• _Assigned task_: All of the data below should be printed again word for word, pictures excluded.

• _Information supplied_:
......
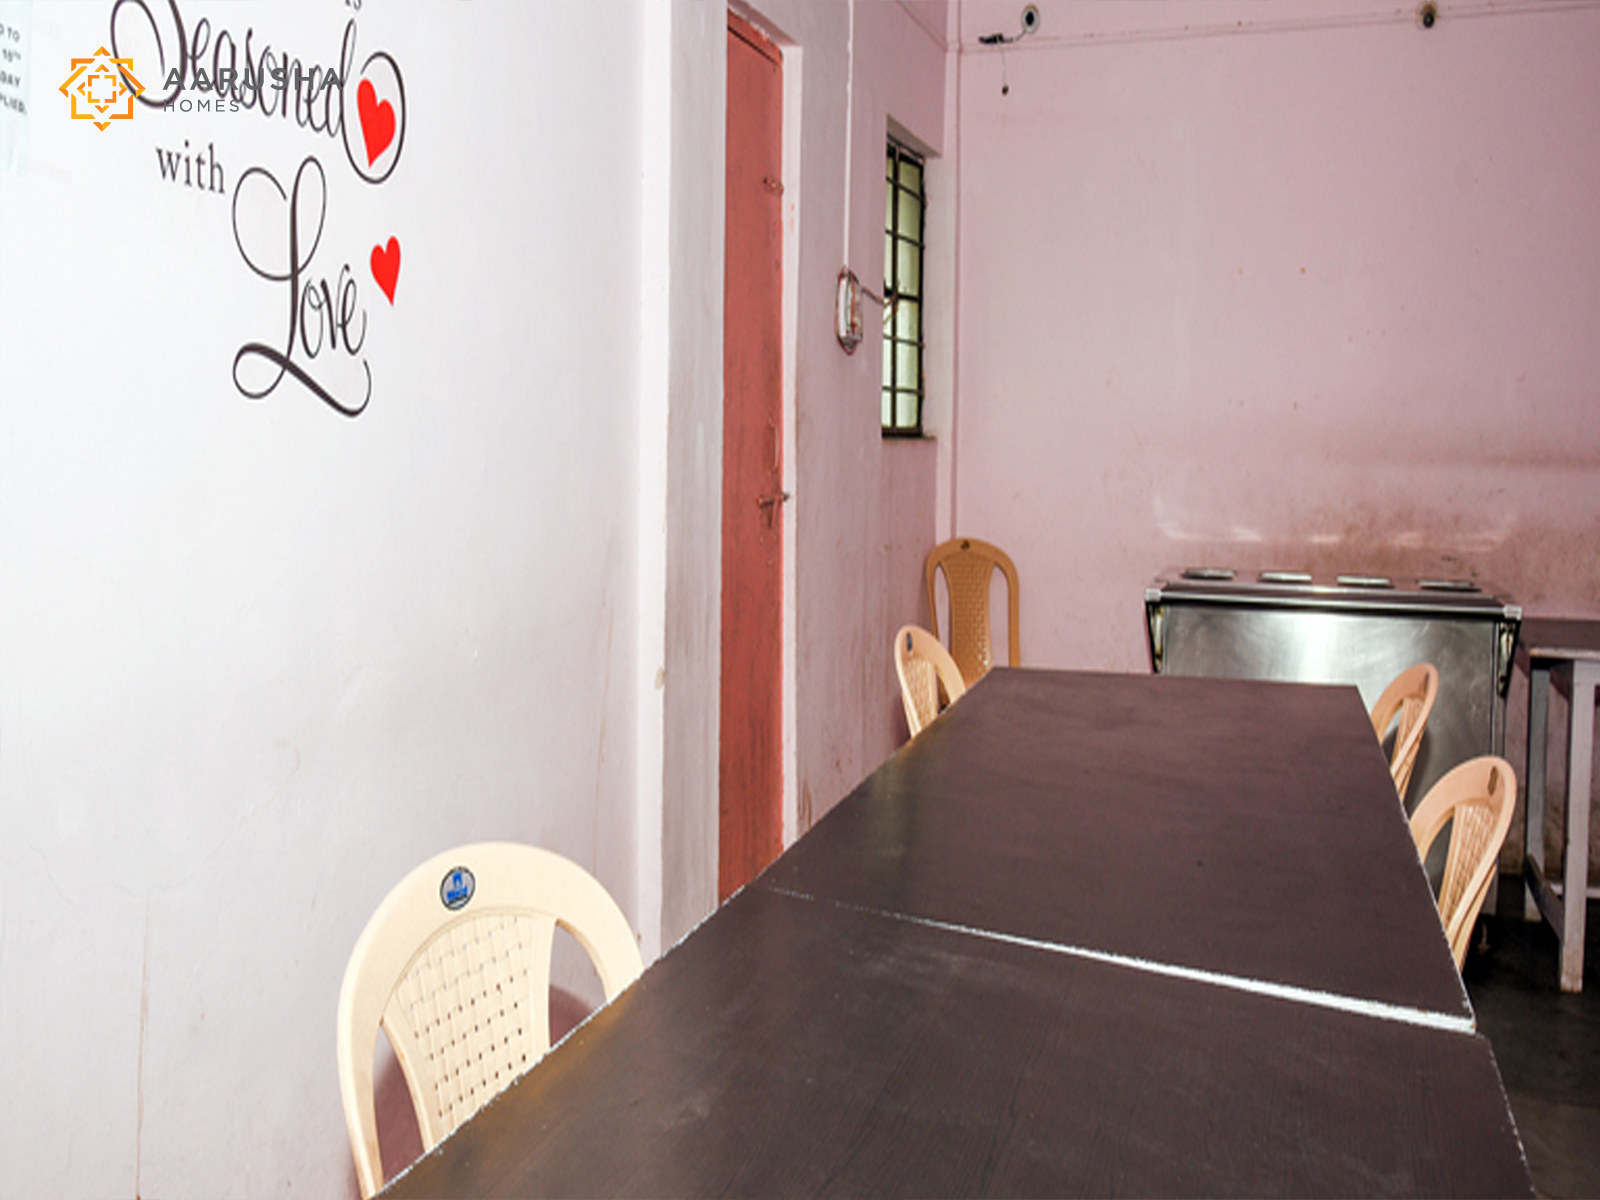 PG & Hostel For Women In Hinjewadi Chowk, Pune
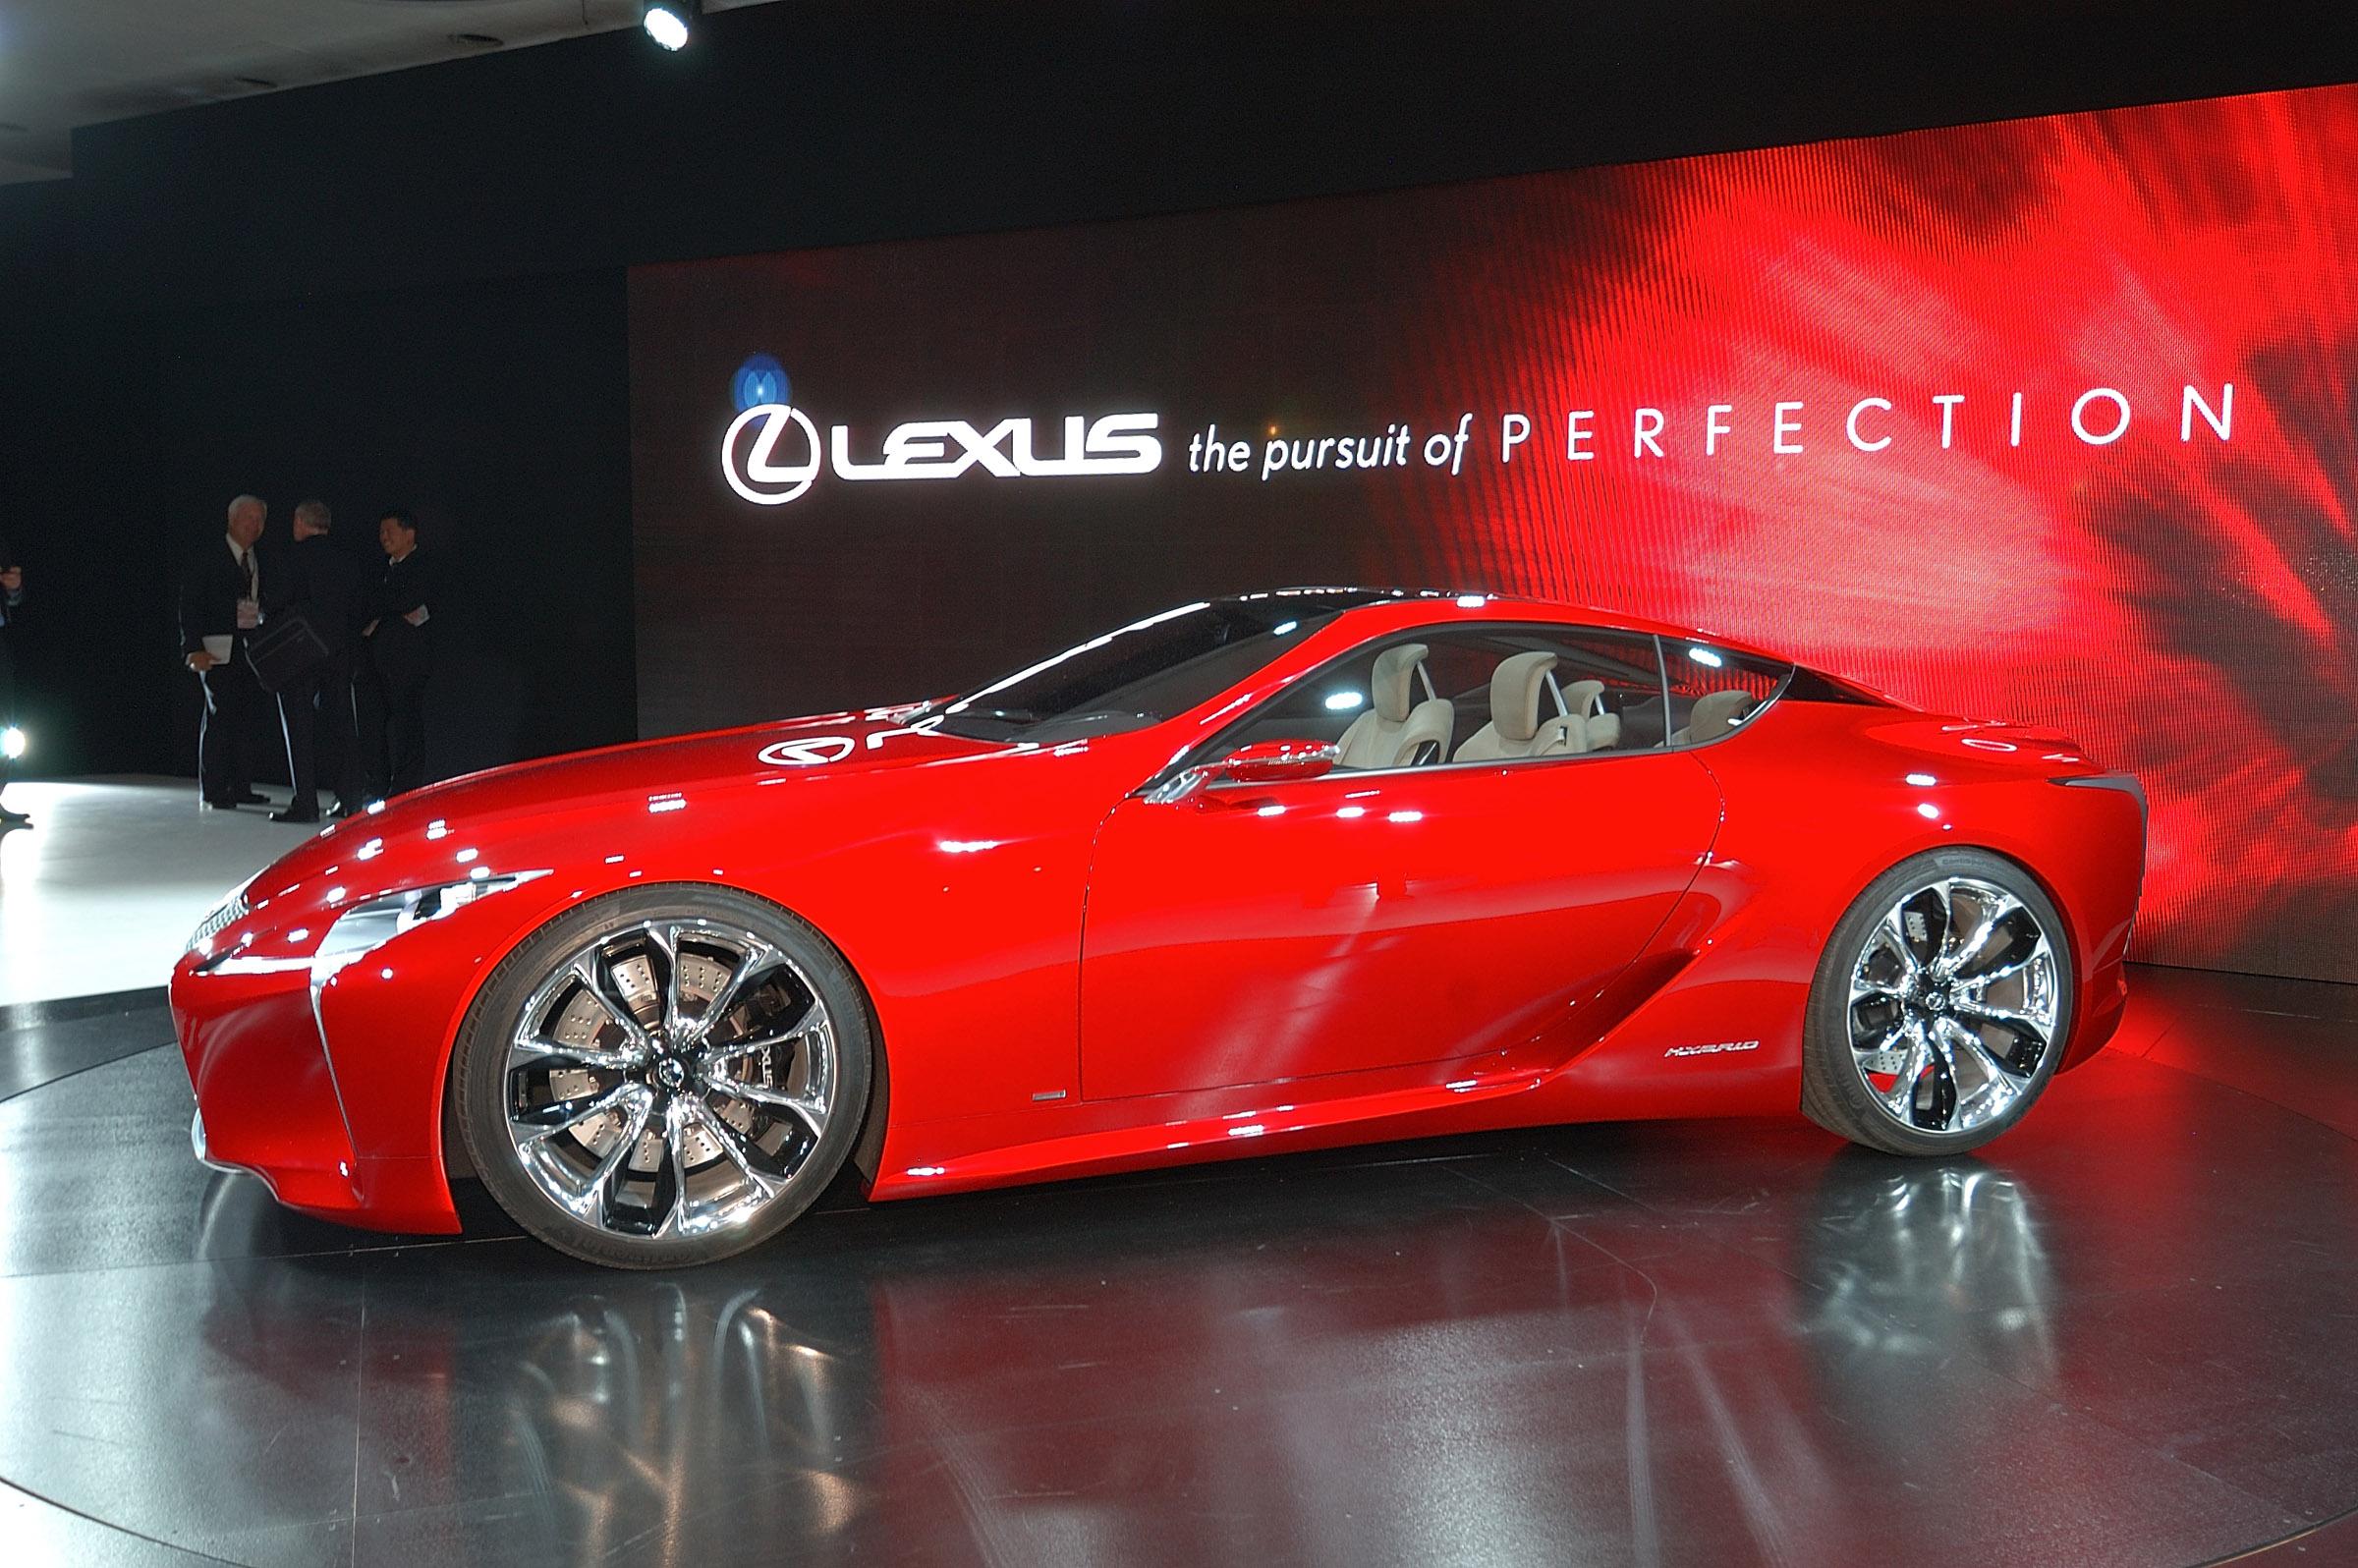 http://www.automobilesreview.com/img/2012-lexus-lf-lc-concept-detroit-2012/2012-lexus-lf-lc-concept-detroit-2012-05.jpg
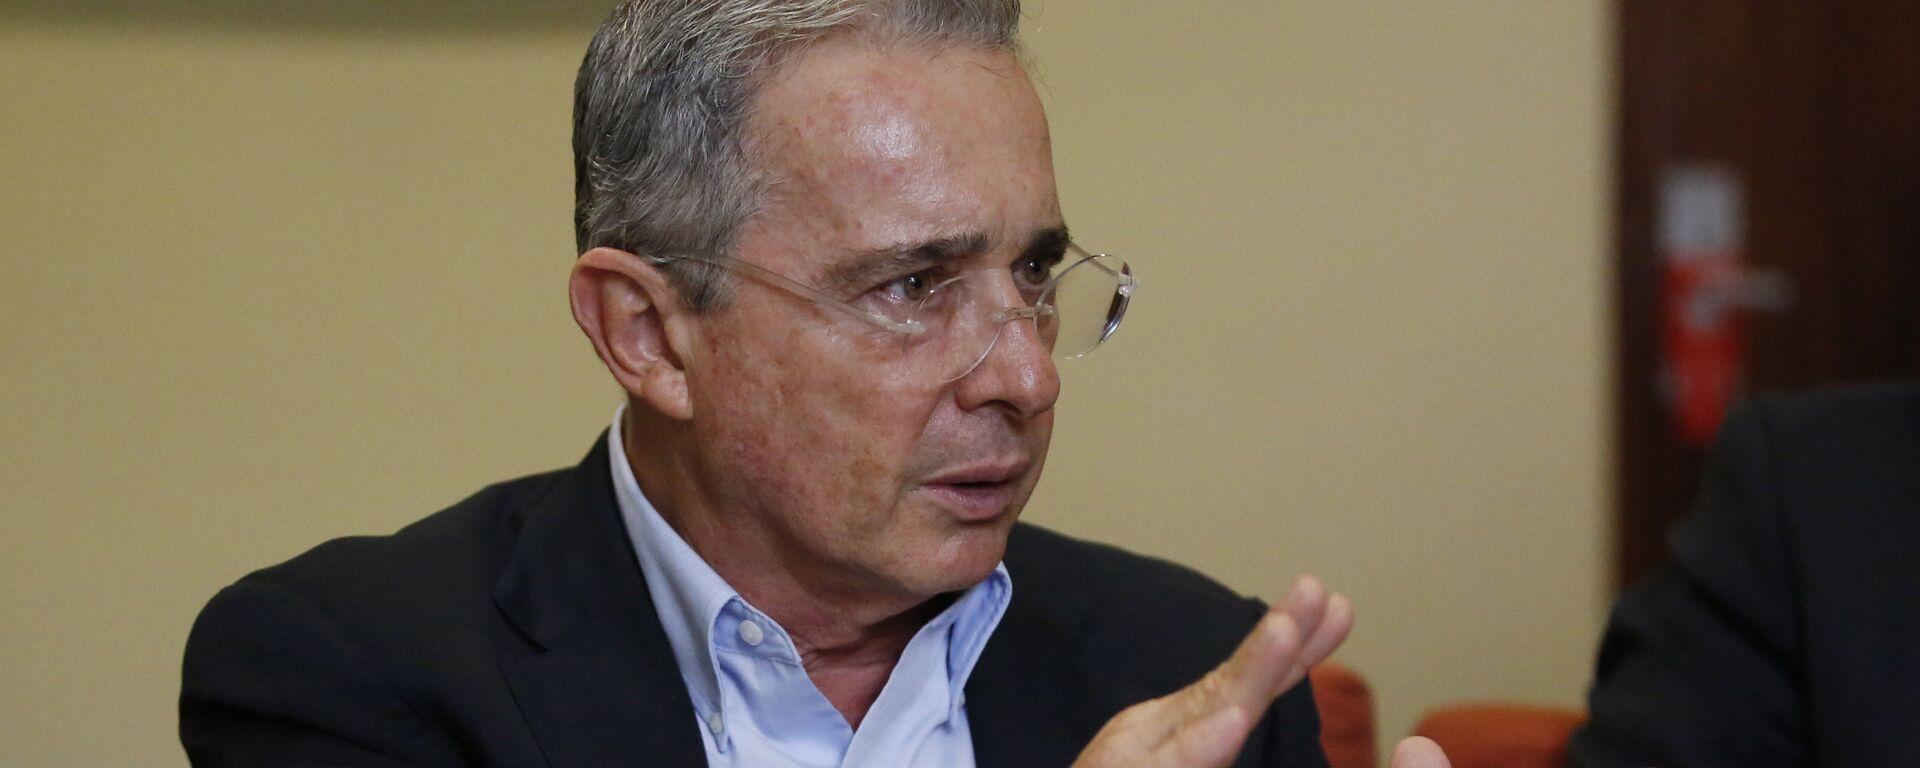 Álvaro Uribe Vélez, expresidente de Colombia - Sputnik Mundo, 1920, 05.03.2021
......
• _Answer space_:
 PG & Hostel For Women In Hinjewadi Chowk, Pune
 http://www.automobilesreview.com/img/2012-lexus-lf-lc-concept-detroit-2012/2012-lexus-lf-lc-concept-detroit-2012-05.jpg
 Álvaro Uribe Vélez, expresidente de Colombia - Sputnik Mundo, 1920, 05.03.2021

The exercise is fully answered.